Well once again you’ve sneaked into our country young Paddy to tell us all, black and white, what we should be doing about the most difficult and sensitive issues that we all face. You’ve come from the great southern metropolis to pass on your wisdom to all of us poor benighted white rednecks and dumb bush blackfellas in this backwoods town of ours far from the intellectual delights of Sydney Town where they don’t really have any problems at all.
I’m assuming that you think of yourself as essentially Irish since you call yourself Pádraig after the blessed saint who drove the snakes from the Old Sod, though your surname is Norman derived Sassenach. But that’s Ok young Paddy because we white English speaking Australians are all mixed up aren’t we and we all come from somewhere else. I usually go by the name Dave Price but you can call me Dáithi Mac Rís or Taffy ap Rhys if you want to acknowledge my cultural heritages and I’d appreciate that since 200 years is not a long time. This is especially so for my wife’s mob. My wife is not mixed up at all, like you and me, young Paddy. She’s Warlpiri but she is also related closely by marriage to members of all the major language groups of Central Australia. Her parents were about the age of our grandsons when they first saw whitefellas. She was born under a tree with her aunt as the only attendant and midwife for her Mum. She usually goes by the name Bess but this is spelt Piiji in Warlpiri and you’d have to learn a bit more to know how to pronounce it. She is also known as Nyirringali after he great aunt and of course her skin name is Nungarrayi which makes her a sister to your good friend Barbara Shaw. She can also be known as Yunkaranyi Jukurrpa after the place in Anmatyerr country that her child spirit came from. If we attended all of the funerals we should under Aboriginal law we’d be going to about 30 a year on average and we wouldn’t be able to earn a living or care for our dependents. But none of this interests you, does it young Paddy, for you know better than all of us what is good for us.
But despite all I describe my wife has managed to get herself elected to the NT Parliament. So did several others from backgrounds similar to her own. They have brought a new government to the Territory. They are from the bush, not from the city, like the ones you have learnt your politics from, those who weren’t elected by anybody and aren’t democratically inclined. They don’t think like you. But of course you’re not interested in any of this are you Paddy. You don’t believe in democracy or civil society. In Irish terms you’re more in the tradition of the Real IRA or the UDF whereas my wife would think more like Veronica Guerin or even Mary Robinson and Mary McAleese. I can tell from what I see of you on the internet that you are positively proud of acting like and being treated like a criminal. The world is sick with angry young men Paddy. And you are quite happy to egregiously insult my wife and myself because we disagree with your undergraduate politics. You have done so often, as have your colleagues within the cloistered realms of the metropolitan academy. We can forgive all of this because it seems to us you are young and idealistic as we all once were and you don’t seem all that bright. But we do struggle to forgive your arrogance and your unwillingness to learn from your elders.

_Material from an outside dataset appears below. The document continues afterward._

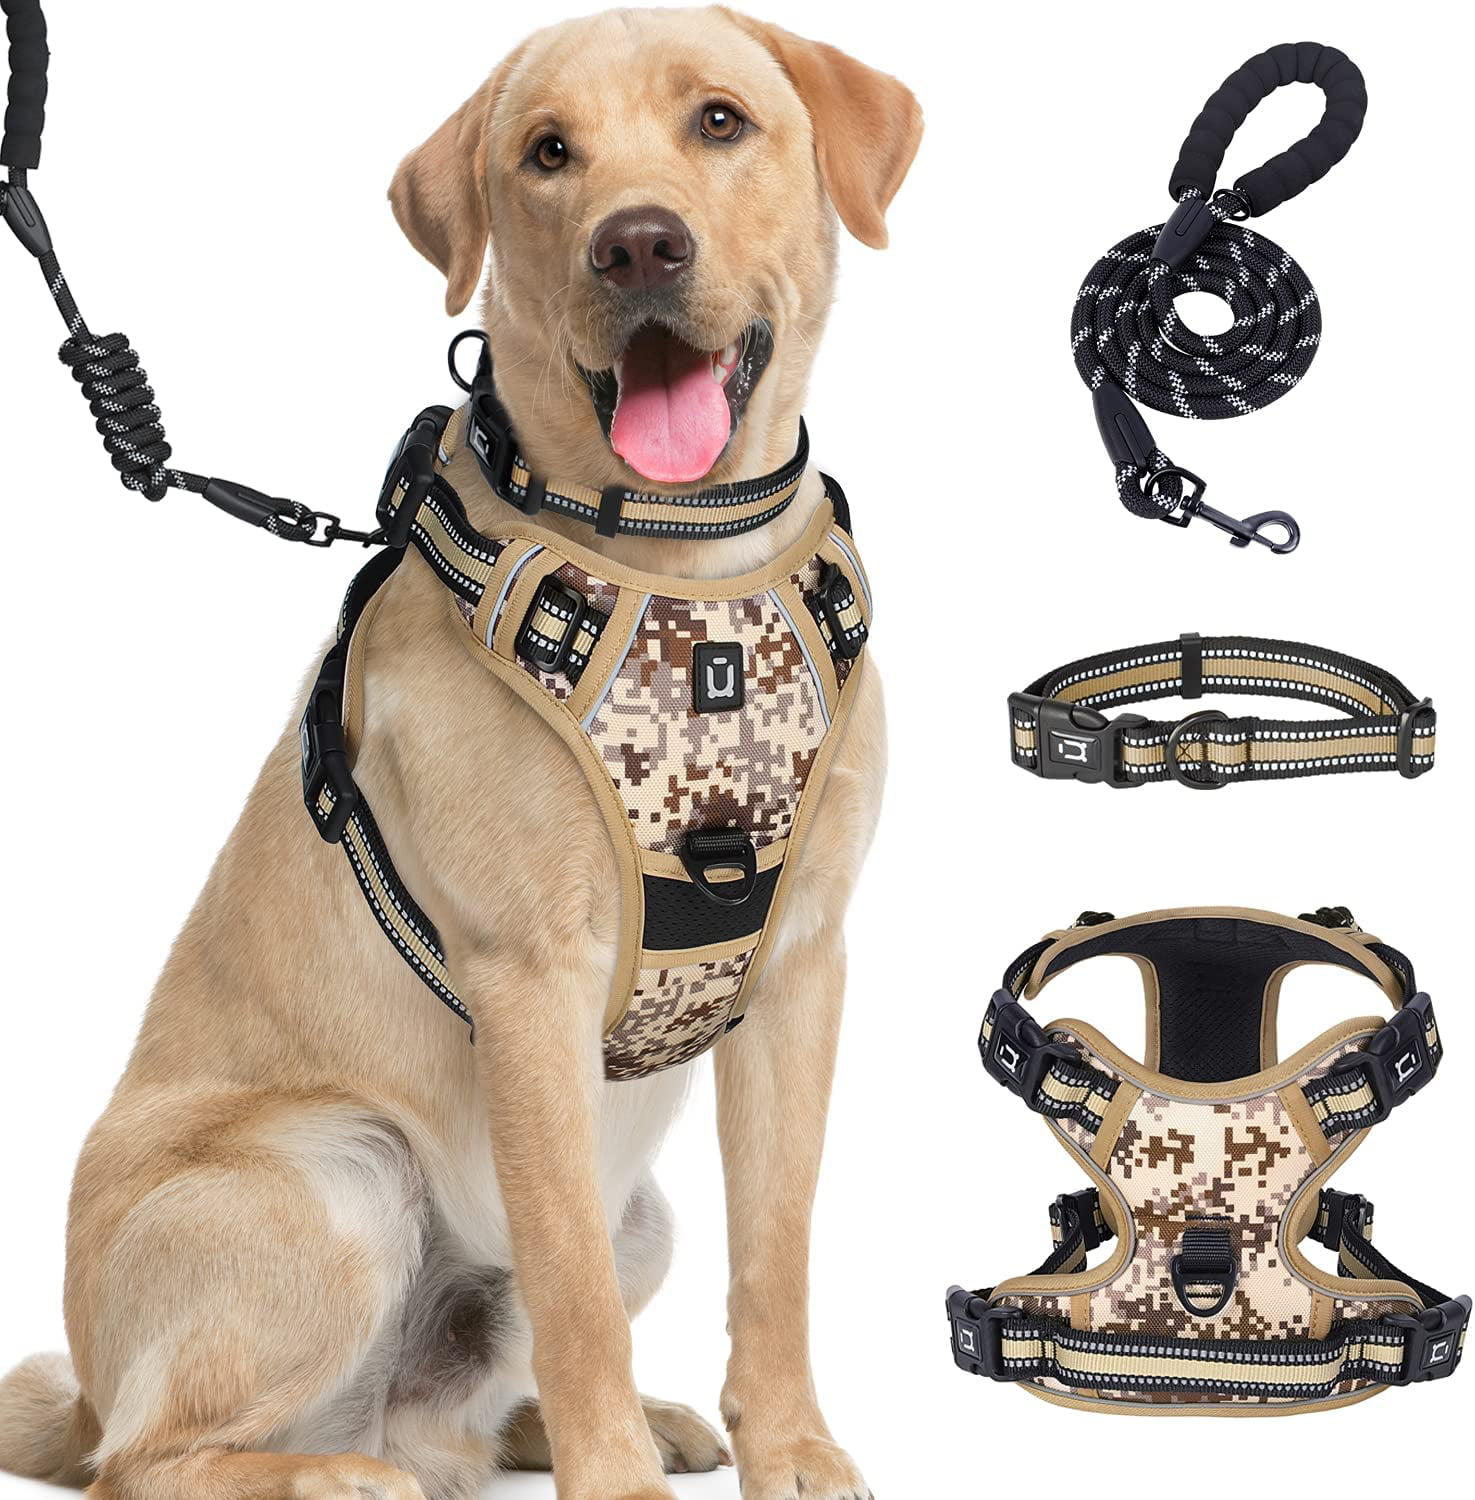 Dog Harness Waldseemuller Dog Harnesses for Small Dogs No Pull Reflective Oxford Soft Vest 4 Buckles Dog Harness for Large Dogs No Pull Medium Size Dog Harness,Dog Harness for Medium Dogs No Pull

My wife managed an 18.5% swing in an electorate that is 73% Aboriginal. Four of her colleagues are Aboriginal. Three of those are from the bush and speak an Aboriginal language as a first language. You don’t seem to trust them to have their people’s interests at heart and you seem to be telling us that you know better than they what is good for their people. As an elder of your own people, one who has spent a lifetime working with Aboriginal people, sustaining a marriage with a Warlpiri woman and raising a talented and proud Aboriginal daughter, I would give you some advice. Take the time to learn about life, don’t believe all they tell you in the academy, desist from gratuitously insulting your betters and keep you nose out of other people’s business until you know what you’re talking about.